# iPhone gets cold dies and stops playing music



## Adam718 (Jan 15, 2015)

Gravitynstuff said:


> I have had this problem on really cold days when I'm running music through my phone and the temp is below 20 and my phone fully charged dies Anyone have a DIY method besides using hand warmers?


Feet warmers are better than hand warmers because you can stick them to the back of your phone (hand warmers dont have an adhesive). Not sure if that was the answer you're looking for, but that's honestly the only way to go other than putting your phone in between your butt cheeks for warmth.


----------



## chomps1211 (Mar 30, 2011)

If you're riding with the phone in an outside pocket on your outermost layer you're going to continue to have that problem unless you do something to keep the battery warm!

I ride with mine inside my jacket, as close to my body as possible.

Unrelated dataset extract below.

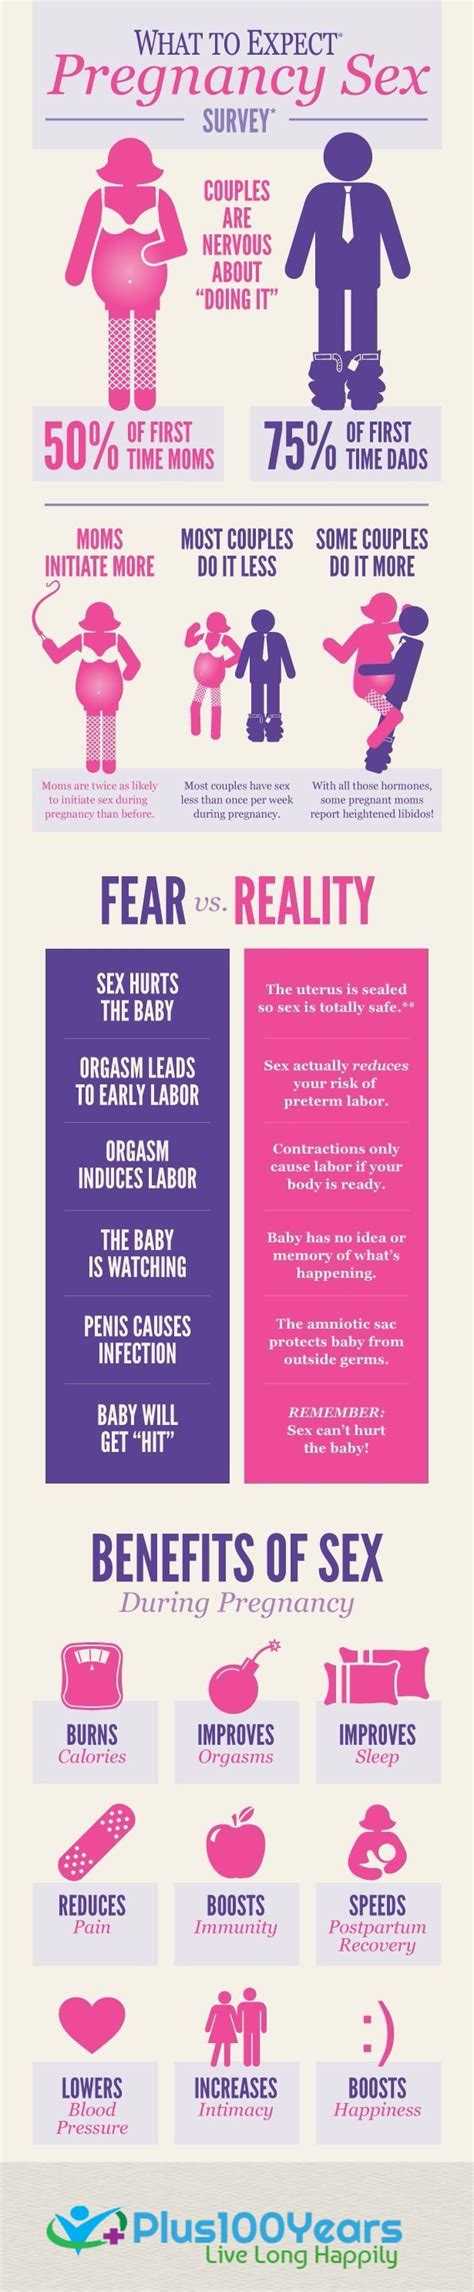 73 best pregnancy guide images on pinterest pregnancy pregnancy health and pregnancy guide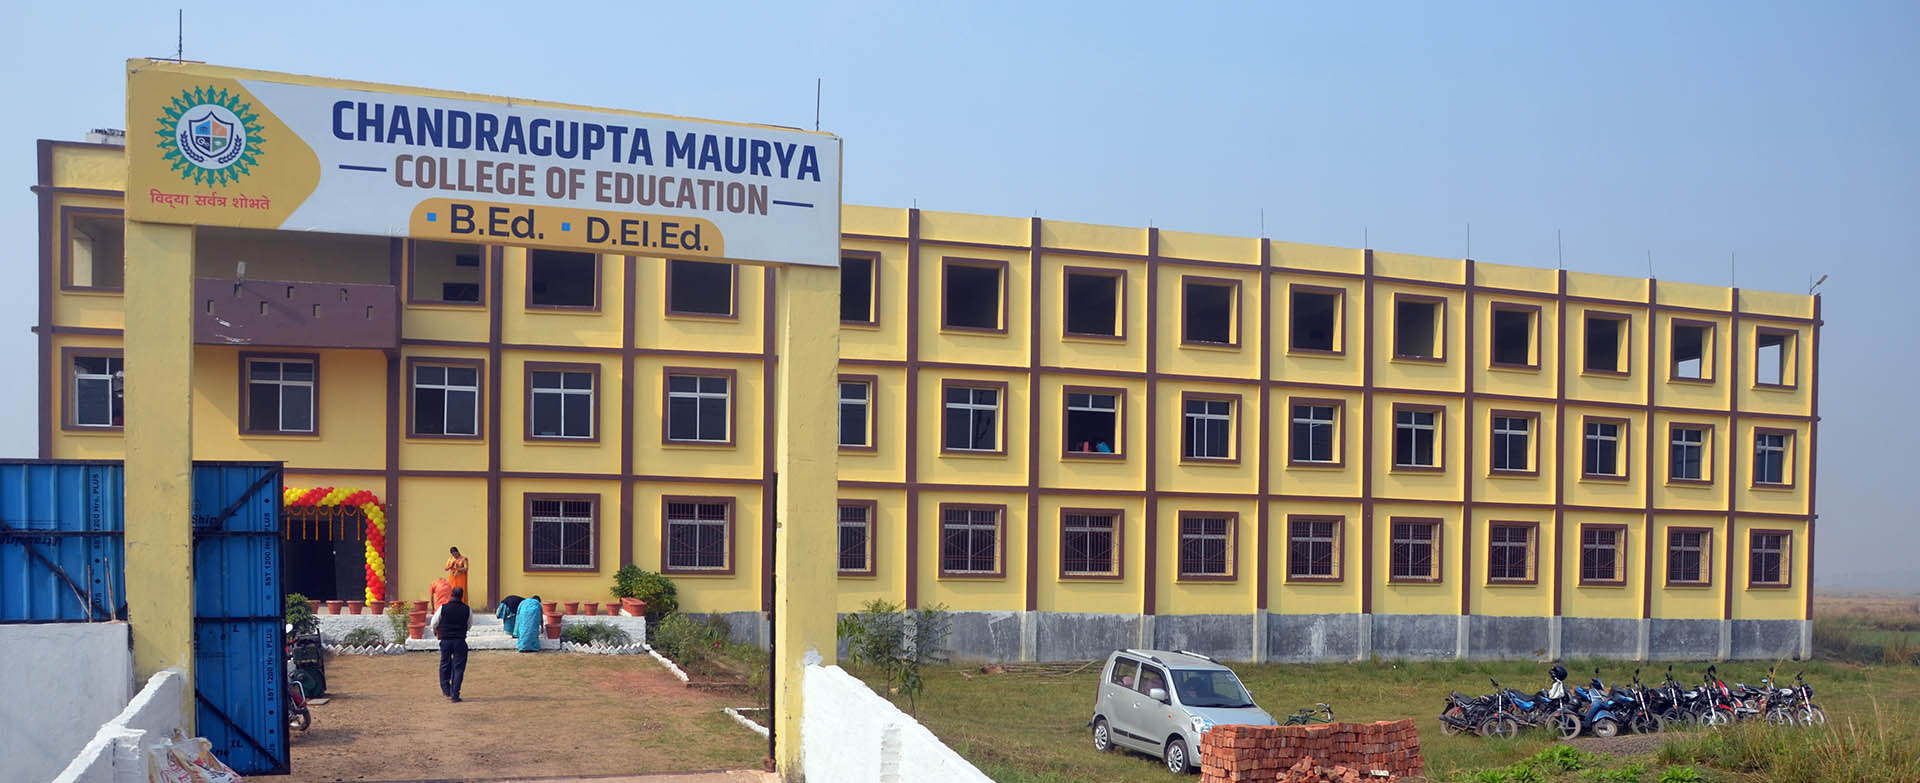 Chadragupta Maurya College of Education

If I'm wearing a fleese vest, I'll put it in the inside chest pocket. Although, to be honest, I haven't really used my iPhone for music when riding. I have a $50 iPod shuffle that I use for my music. With a full charge it will last a couple days of riding all day and the battery on it doesn't seem to be affected much by the cold. I keep it in an outer chest pocket so I can use the controls thru the jacket. 

That will probably change this season since I got myself a set of Chips Bluetooth wireless headphones for my helmet!! :jumping1: So we'll see how well I can make do with the battery playing music that way. :shrug:


----------



## Argo (Feb 25, 2010)

Never have this issue. My issue is the screen getting activated by touch when in my pocket. I have ridden plenty of days in sub 0 temps without problems.... Android user, multiple types of phones....


----------



## Atoxa (Feb 11, 2013)

If you are willing to drop around 30$, I've found this is a battery problem. First, try to stick it in the closest pocket to your body, then buy one of these:
http://www.amazon.com/Lenmar-Meridi...2252&sr=1-3&keywords=5s+extended+battery+case

For some reason my phone has never frozen and died with one of these on, and I've done most of my riding in Montana where it is cold and dry as fuck. Try it out, it's not too expensive and I never go without it.


----------



## Gravitynstuff (Dec 11, 2015)

I'll probably end up just keeping it as close to my body as I can or try the foot warmer. Last couple of seasons I started riding by myself and just kept running into this issue.


----------



## jjb7733 (Feb 1, 2014)

Argo said:


> My issue is the screen getting activated by touch when in my pocket.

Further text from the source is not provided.